On a cache miss, two parallel `BatchPromote` RPCs fetch all blocks in 2 network round-trips, with parallel decode across a thread pool (decode releases the GIL, so N CPU cores work simultaneously).

For vLLM, the `layer_type_map` in `tierkv.toml` routes each layer group to the correct vault. For EXO, layer types are **auto-detected** via `isinstance` checks — no manual configuration needed.

---

## Hardware Requirements

You need at least 2 machines: one running inference, one as cold storage. Three machines lets you split KV and SSM tiers across separate nodes for better throughput.

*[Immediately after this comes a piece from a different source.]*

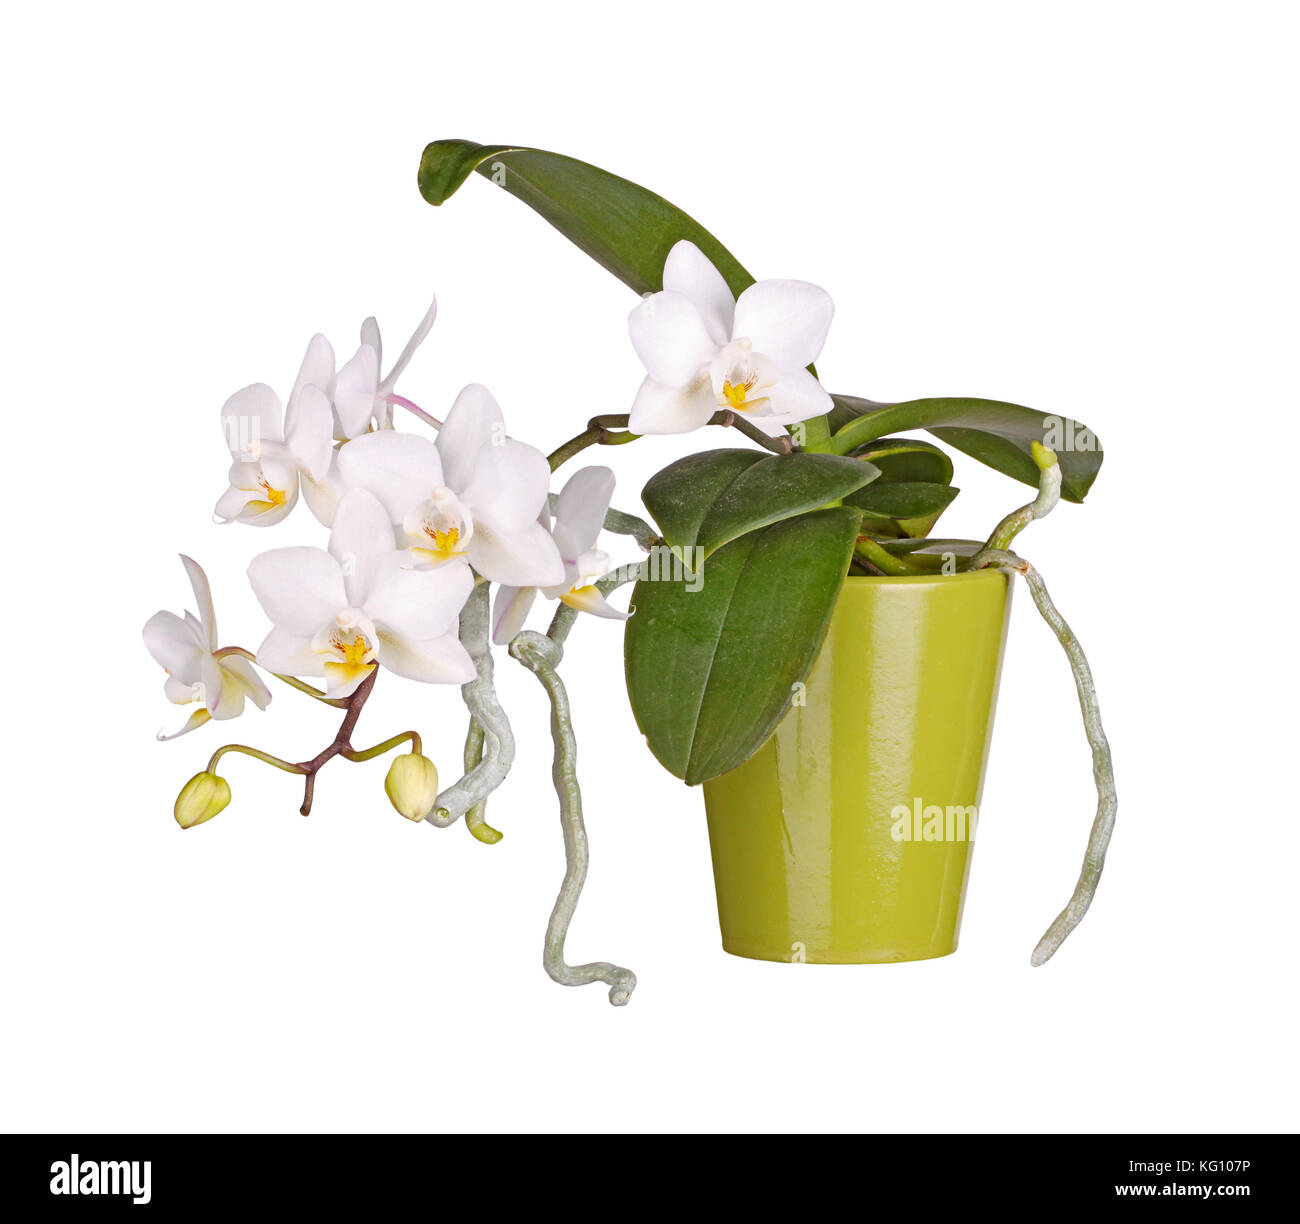 Des jets de fleurs jaunes et blanches sur une orchidée phalaenopsis et des racines aériennes qui se développe dans un pot d'argile verte isolée sur fond blanc Banque D'Images

| Role | What runs on it | Example |
|---|---|---|
| `inference` | EXO **or vLLM** + your model + tierkv | DGX GB10 |
| `kv_cold` | `tierkv vault` only | Mac Pro (32 GB) |
| `ssm_cold` | `tierkv vault` only | Mac Air (16 GB) |

**EXO only runs on the inference node.** The cold-tier machines (Mac Pro, Mac Air) only run the tierkv vault server — a lightweight gRPC process that holds KV data in RAM.

---

## Installation

**EXO compatibility:** tierkv patches EXO's `cache.py` and `builder.py` in-place. Tested with EXO as of May 2026. EXO moves fast — if `tierkv install` errors, check that the patch targets in `cache.py` and `builder.py` still match. EXO version auto-detection is on the [roadmap](#roadmap).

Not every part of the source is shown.